Find some one from each region. The Majority of the guys or gals will be racing anyways. Cover the WHOLE US.

I really liked the first couple of issues. Now its TC this Monster truck That, 1/8 scales...same stuff as the other mag...

I know that Carpet season is comming up here in IN. So if you had someone in lets say region 5 cover some events. They are probley going any ways. Work out some thing. 
I have also notices the Boat section...RC modler cover that well.....

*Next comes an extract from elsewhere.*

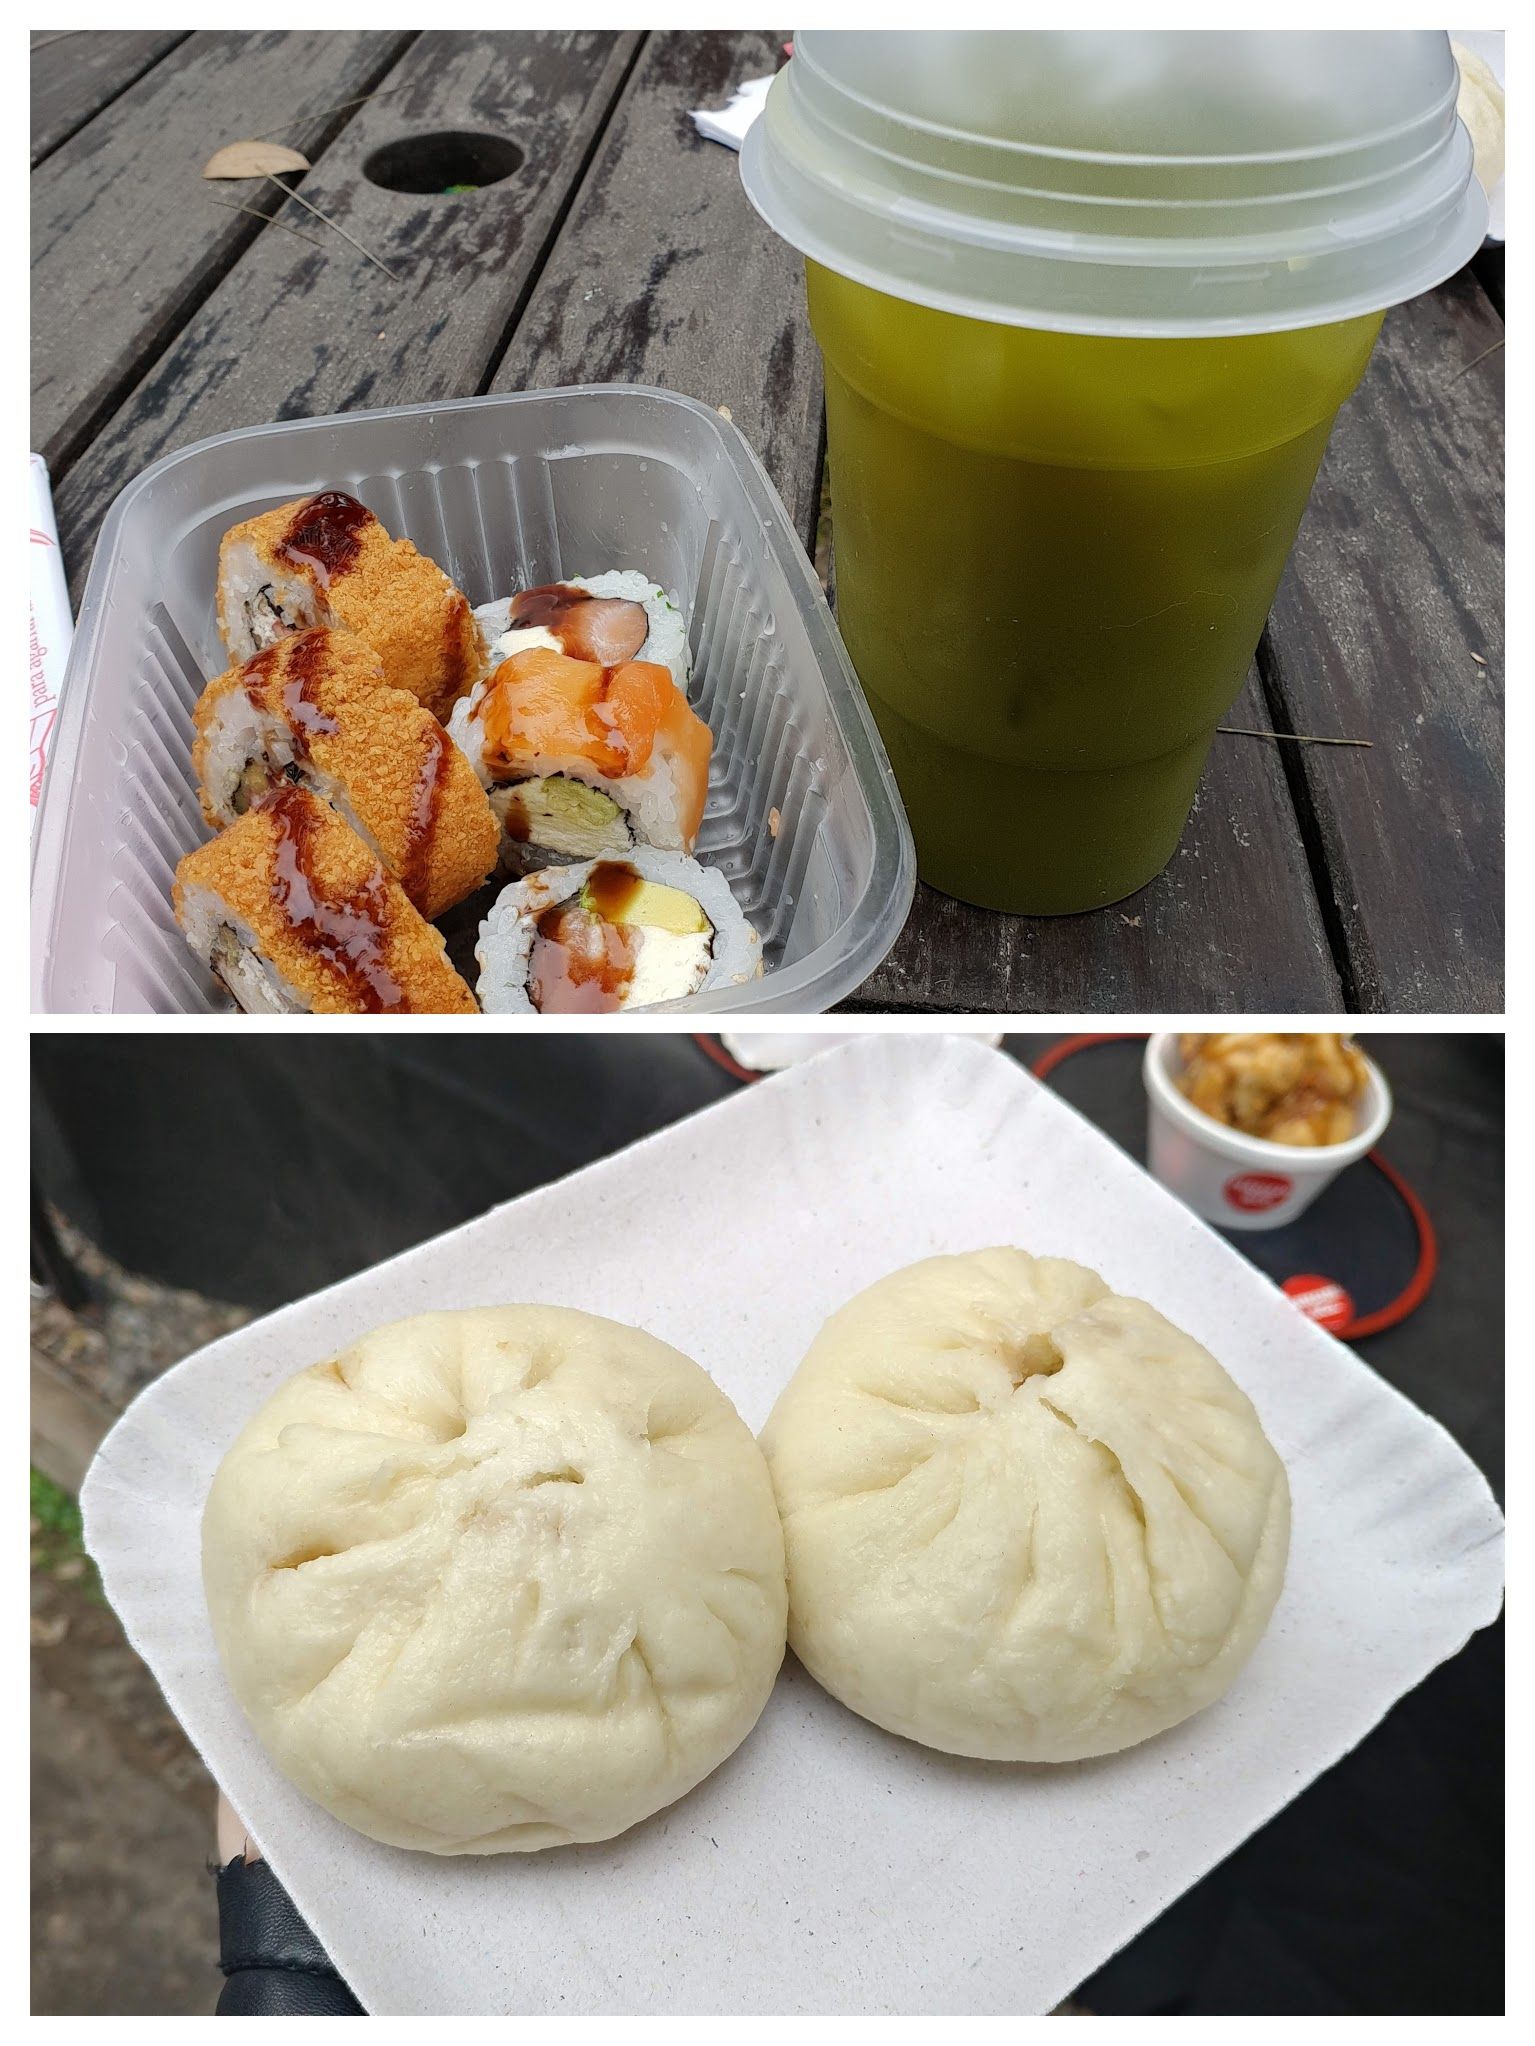 Caption: On the top, a photo of sushi and a cold Matcha tea, taken by Valeria. On the bottom, a photo of Nikuman (a steamed dumpling) with pork inside.

You guys came out of the gate SMOKIN...now to me its fizzled out. I can take notes on the races I attend. Mind you I dont run alot. This is a hobby to me not my life. I plan on running DO's in IL this winter. I dont do carpet. But there might be somone eles that might be going to a "BIG RACE" and can do some free lancing....


----------



## blueracer55 (Dec 23, 2003)

i justed wanted to say thanks to r/c driver. they recently sponsored a event in indiana, and at least gave me my 35 dollars entry fee. u guys are a real nice group of people, and hopefully i'll see u guys again. 
yes i was the guy with the edm at the offroad race.
www.geocities.com/advancespeedway


----------



## BobHastings (Jul 23, 2003)

You Planet guys are top-knotch too. We always enjoy the visit...matter of fact we stopped back on the way to the airport to play; loaded muddy truck into the luggage to the joy of the security people


----------



## Exterminator (Jun 17, 2002)

R/C Driver,
Do you have a way for racers to submit articles to the magazine of larger races that we racers attend but don't have any magazine people in attendance? 
This might be a way to get more wide reaching information. Not just factory drivers at big races.
Currently here in the NorthWest we have a summer off-road series that has over 1000 entrys in 6 events at 6 different tracks. But there is no coverage of it in any mag.


----------